3


❄❄❄

Sebuah taksi berhenti tepat di depan gerbang kayu rumah mewah berarsitektur modern lantai dua yang didominasi warna krem, abu-abu dan coklat susu. Jejeran pohon palem tinggi tampak dari luar tembok pagar yang terbuat dari batu palimanan, juga tanaman hijau lainnya. Nala menatap bangunan besar itu dengan pandangan kerinduan yang mendalam.

Sadar jika dirinya ingin segera bertemu keluarganya ia membayar ongkos taksi kemudian turun dengan tas ransel di punggungnya. Matanya memindai setiap inci bangunan besar di depannya, tidak ada yang berubah hanya tambahan tanaman di setiap balkon lantai dua.
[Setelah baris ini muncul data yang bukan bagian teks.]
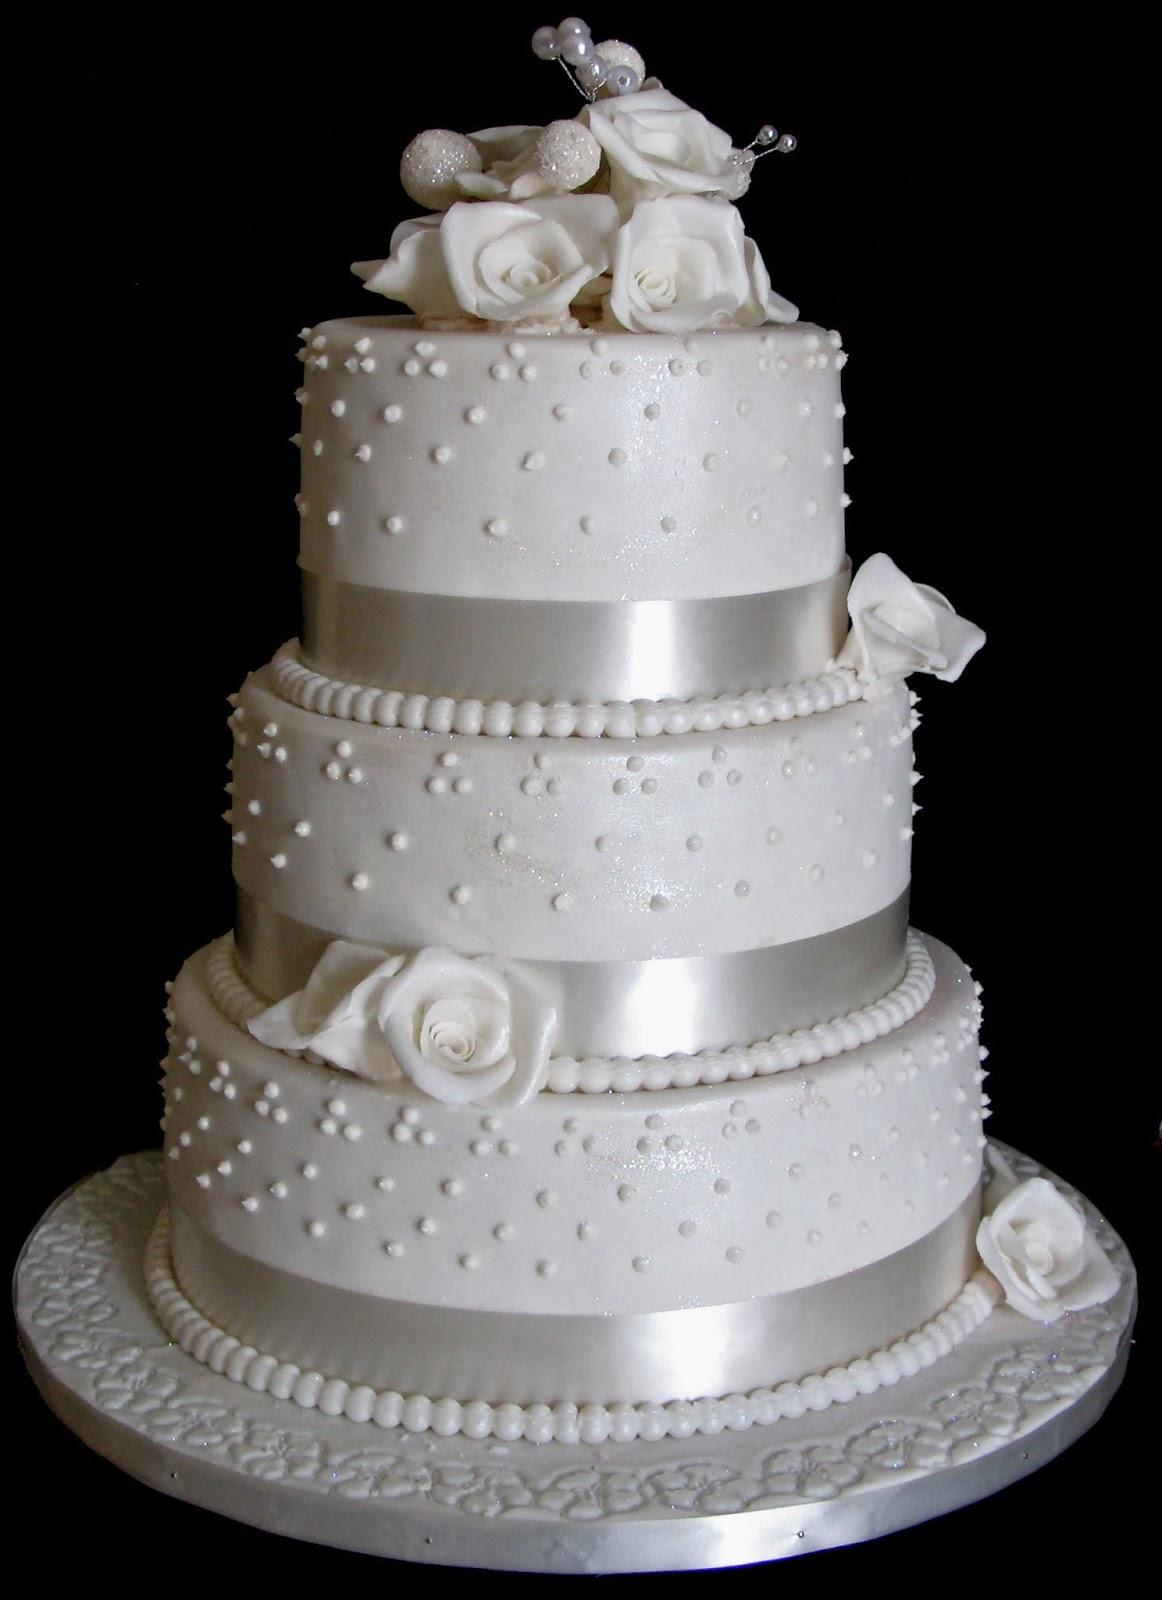 Sugarcraft by Soni: Three Layer Wedding Cake : White Roses

Dengan semangat membara dalam dirinya Nala menekan bel di sisi tembok. Sambutan hangat sudah terbayang dalam benaknya saat pintu gerbang dibuka menampilkan sosok perempuan tua yang menjadi ibu kedua setelah ibunya kandungannya.
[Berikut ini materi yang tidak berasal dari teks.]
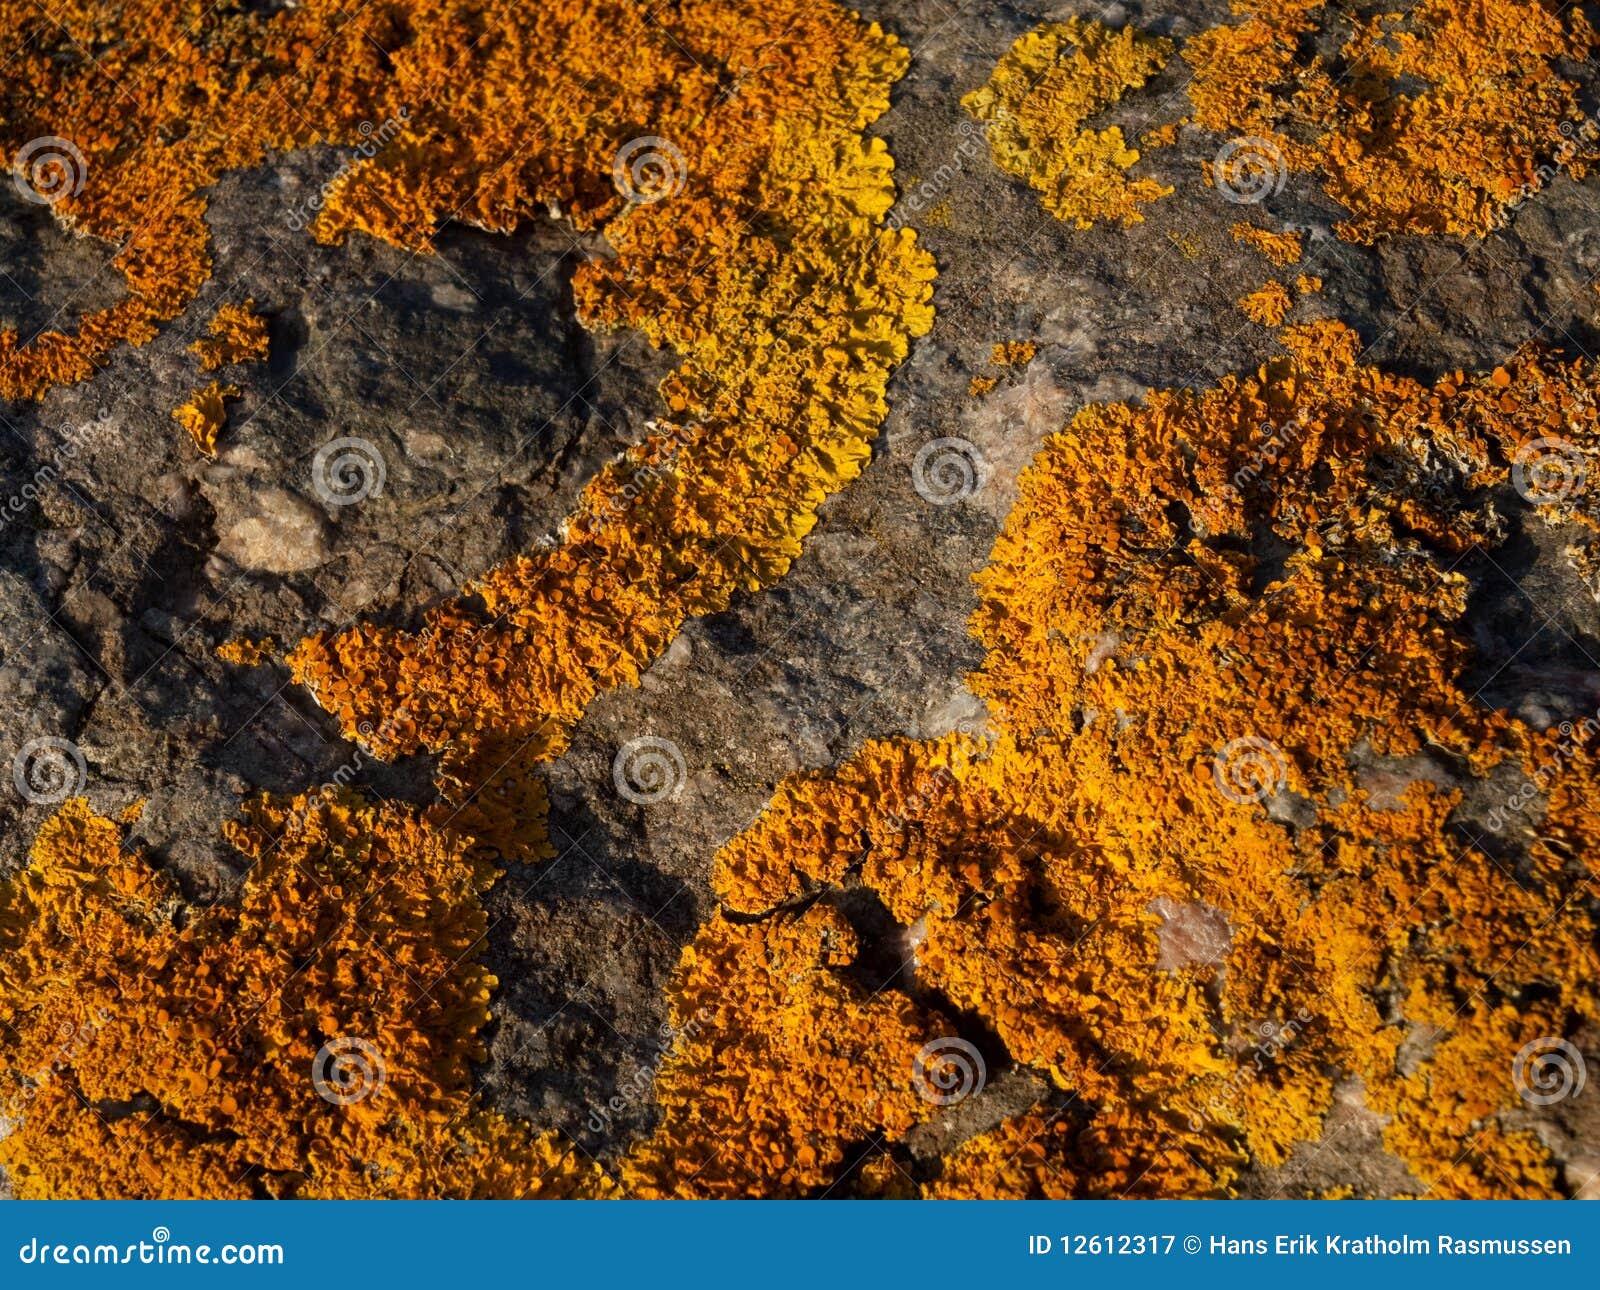 Mossgrown Stone

"Non Nala..." pekik Mbok Sih saat tahu siapa tamunya. Perempuan yang berumur lebih dari setengah abad itu lari kearahnya lalu memeluknya erat, tangan keriputnya mengelus-elus punggung Nala dengan sayang.
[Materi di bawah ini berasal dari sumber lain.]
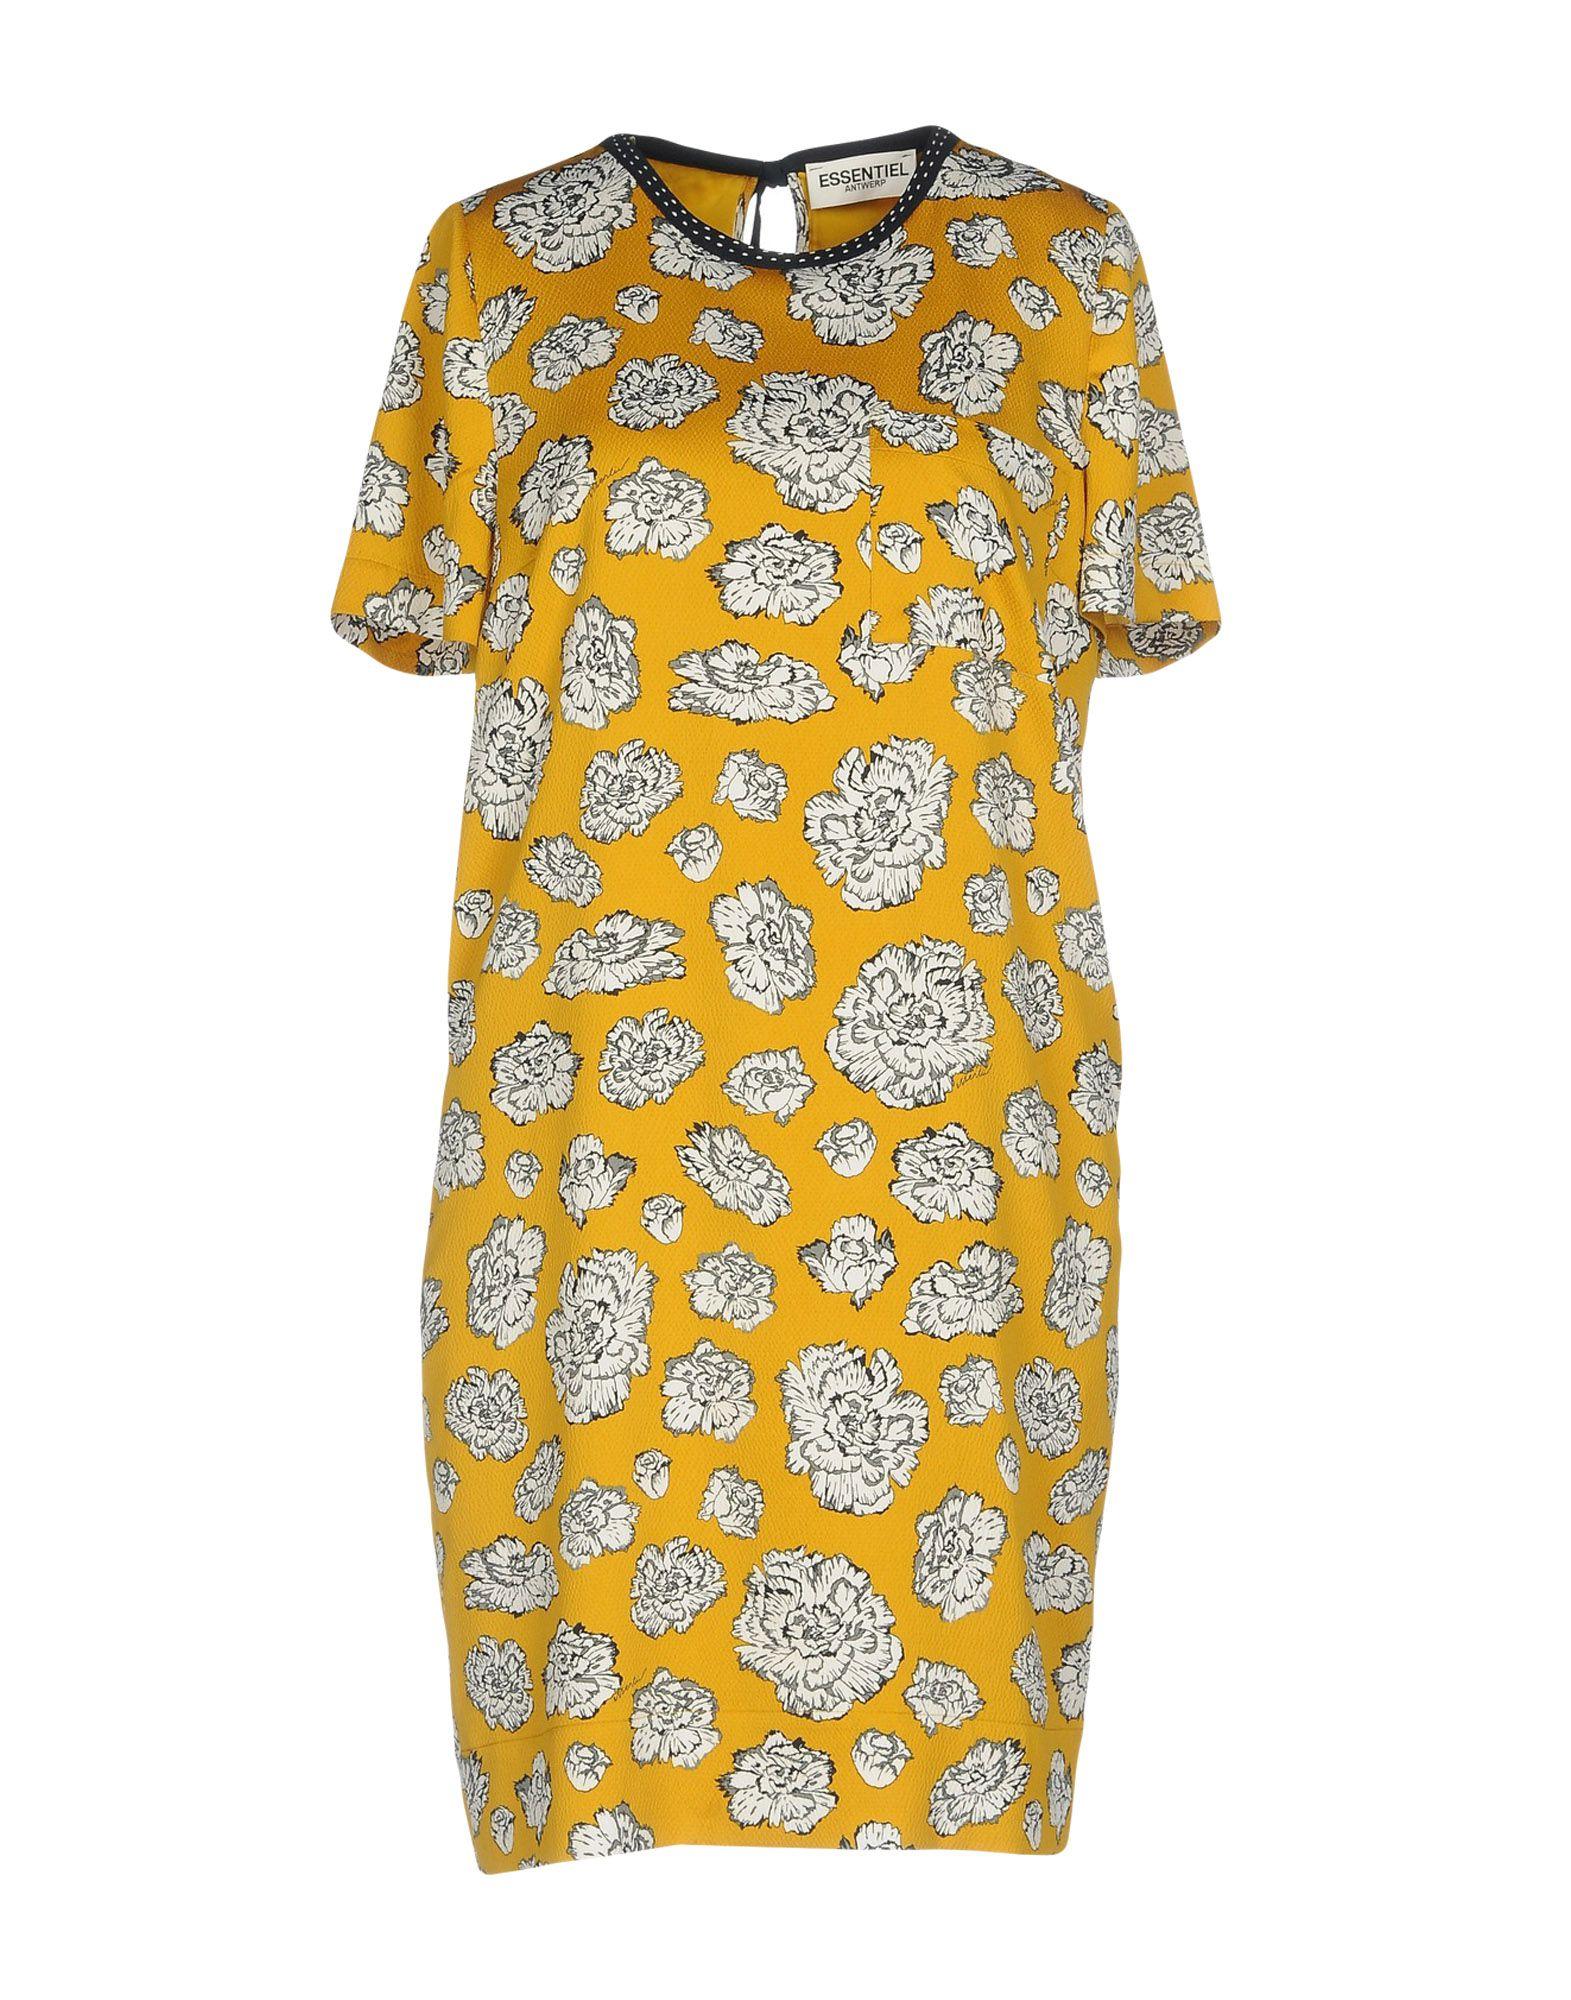 ESSENTIEL ANTWERP Короткое платье essentiel antwerp голубое платье рубашка с поясом

"Mbok...Nala kangen." Nala pun melakukan tindakan yang sama dengan apa yang mbok sih perbuat.

Mereka mengurai pelukan, Mbok Sih memegang dua lengannya meneliti dari atas ke bawah dengan seksama. "Non sih nggak pulang-pulang padahal Mbok kangen pake banget," imbuhnya lalu memeluknya lagi walau sebentar.

Nala tergelak mendengar omongan Mbok Sih yang kekinian itu. "Kan kerja, Mbok, kalau pulang ya nunggu libur."

Dengan mengamit lengan Nala, Mbok Sih membimbing anak majikannya itu masuk lalu menutup pintu gerbang kecil. "Oalah...Mbok lupa, Non. Eh, tapi di sana Non baik-baik aja kan?  Nggak ada yang gangguin to?" Mbok Sih menghentikan langkahnya kemudian menyusuri tubuh Nala dengan mata tuanya memastikan anak yang diasuhnya baik-baik saja.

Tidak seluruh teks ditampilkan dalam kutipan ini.